*** TASK MATERIAL ***

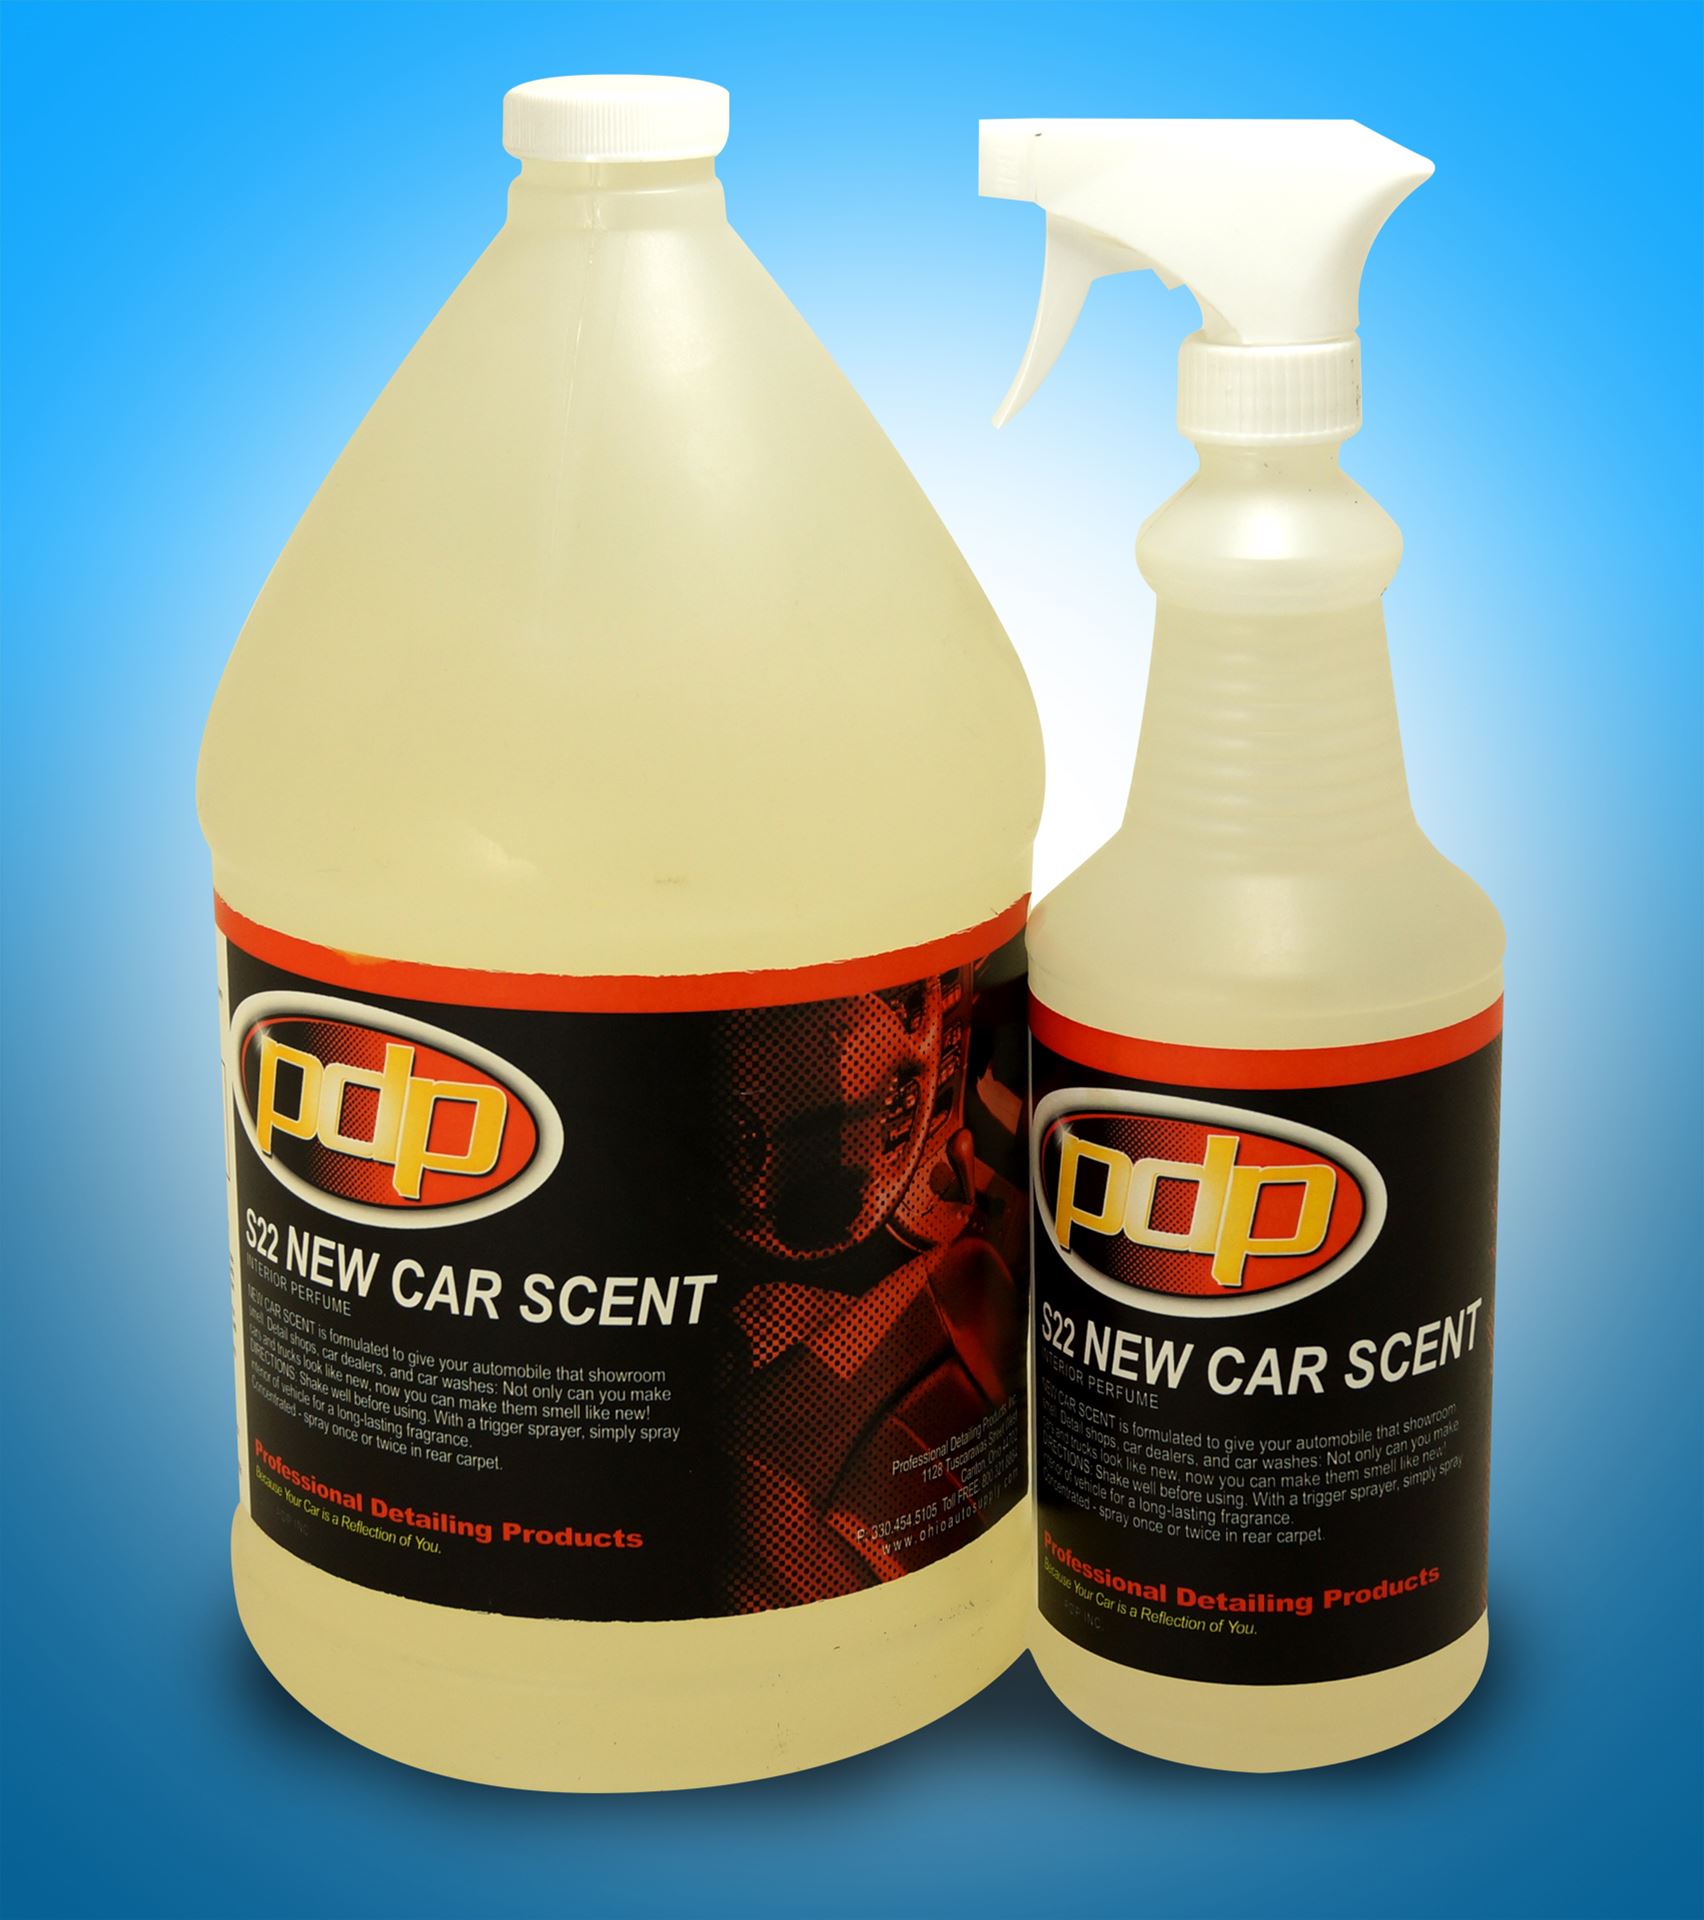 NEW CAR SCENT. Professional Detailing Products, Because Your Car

*** End of TASK MATERIAL ***
*** TASK MATERIAL ***

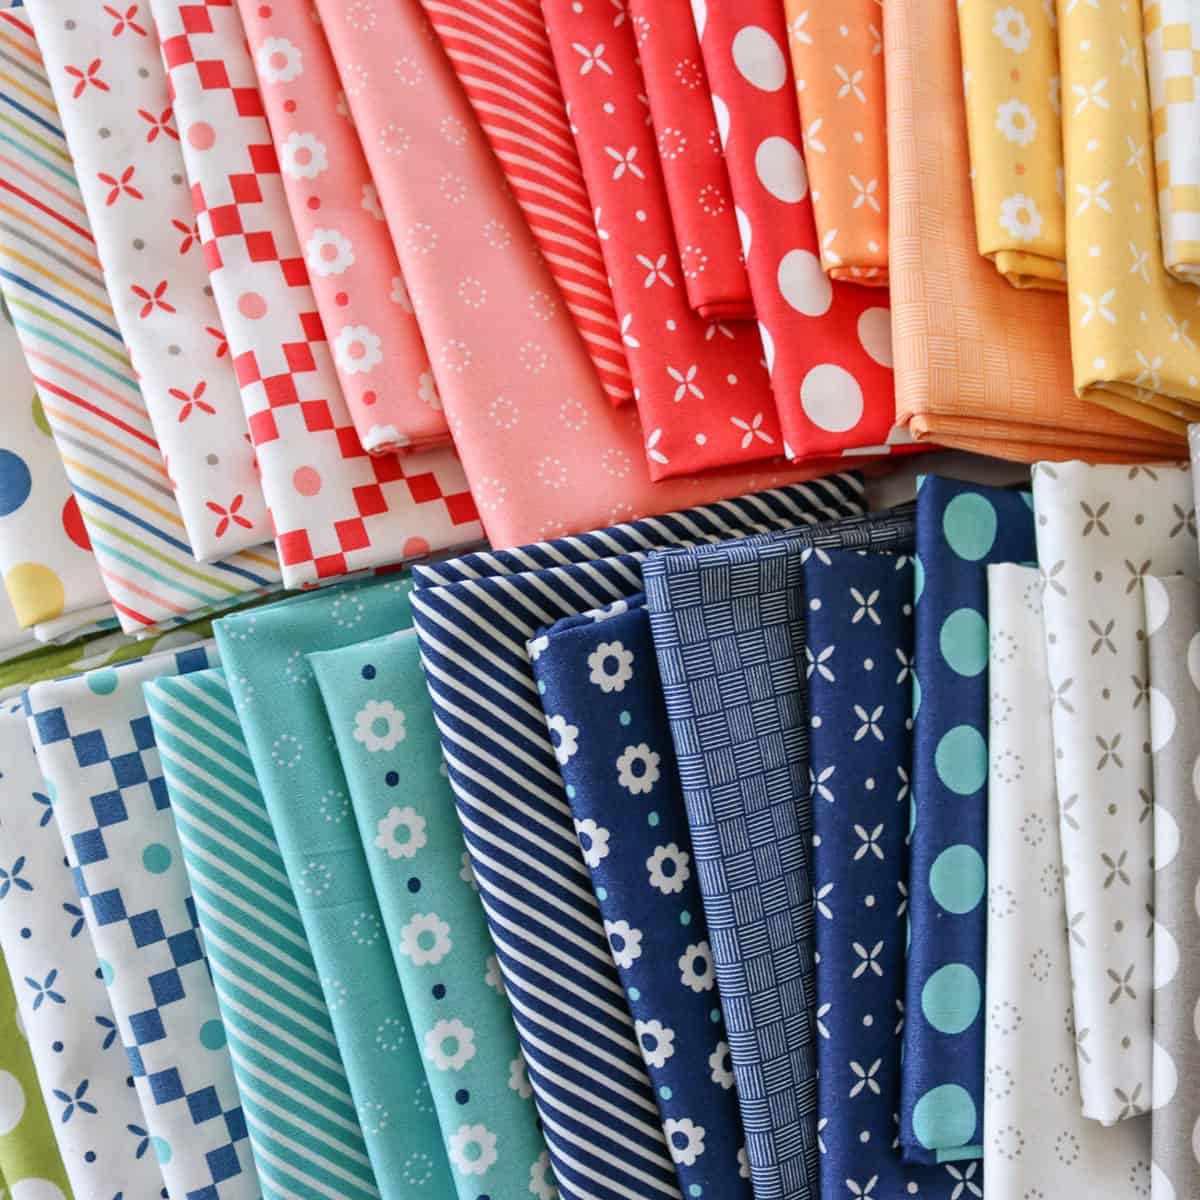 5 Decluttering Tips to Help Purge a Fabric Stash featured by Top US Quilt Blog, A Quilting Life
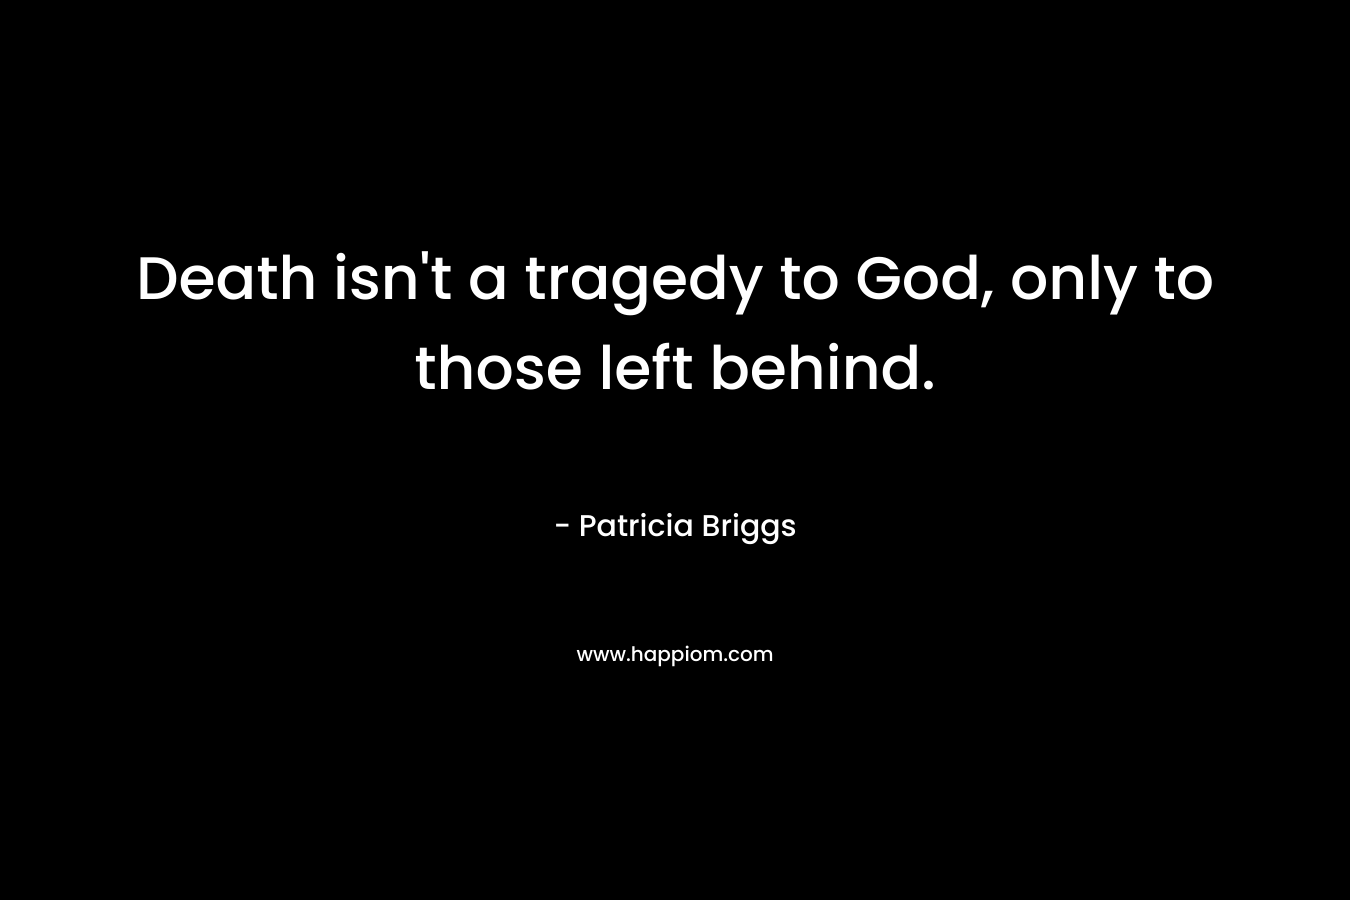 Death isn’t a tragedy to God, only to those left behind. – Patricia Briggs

*** End of TASK MATERIAL ***

## [EXERCISE GOAL]
Starting with the line that has "5 Decluttering Tips" and going on through the line that has "Death isn’t a", transcribe the records above exactly, but skip the pictures.

## [ANSWER BOX]
 5 Decluttering Tips to Help Purge a Fabric Stash featured by Top US Quilt Blog, A Quilting Life
 Death isn’t a tragedy to God, only to those left behind. – Patricia Briggs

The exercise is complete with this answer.